21 11 2024 15 01 2025

2025

This is an open access article distributed under the terms of the Creative Commons Attribution License, which permits unrestricted use, distribution, reproduction and adaptation in any medium and for any purpose provided that it is properly attributed. For attribution, the original author(s), title, publication source (PeerJ) and either DOI or URL of the article must be cited.

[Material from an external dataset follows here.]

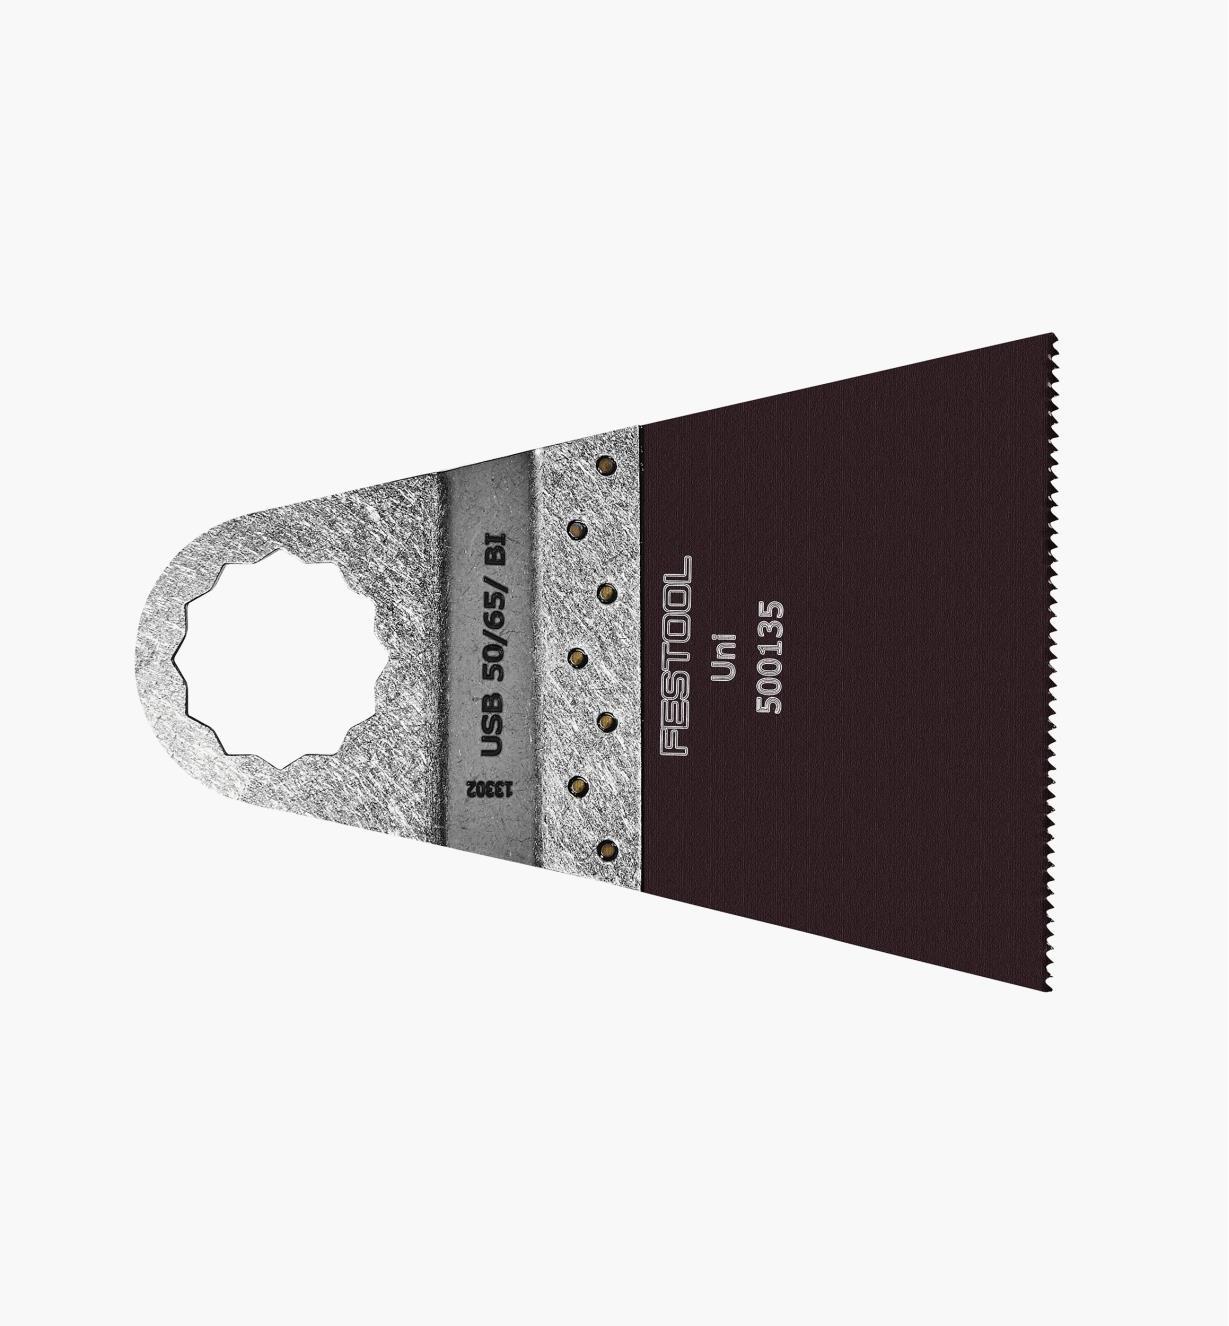 ZA500149 - 50/65/BI Universal Blade, Qty. 5

Single-cell RNA sequencing (scRNA-Seq) provides detailed insight into gene expression at the individual cell level, revealing hidden cell diversity. However, scRNA-Seq data pose challenges due to high-dimensionality and sparsity. High-dimensionality stems from analysing numerous cells and genes, while sparsity arises from zero counts in gene expression data, known as dropout events. This necessitates robust data processing methods of the scRNA-Seq gene counts, for meaningful interpretation. Dimensionality reduction techniques, such as principal component analysis, transform gene count data into lower-dimensional spaces retaining biological information, aiding in downstream analyses, while dimensionality reduction-based visualisation methods, such as t-distributed stochastic neighbour embedding, and uniform manifold approximation and projection are used for cell or gene clustering. Deep learning techniques, such as variational autoencoders and generative adversarial networks compress data and generate synthetic gene expression profiles, augmenting datasets and improving utility in biomedical research. In recent years, the interest for scRNA-Seq dimensionality reduction has markedly increased, not only leading to the development of a multitude of methods, but also to the integration of these approaches into scRNA-Seq data processing pipelines. The present review aimed to list and explain, in layman's terms, the current popular dimensionality reduction methods, as well as include advancements and software package implementations of them.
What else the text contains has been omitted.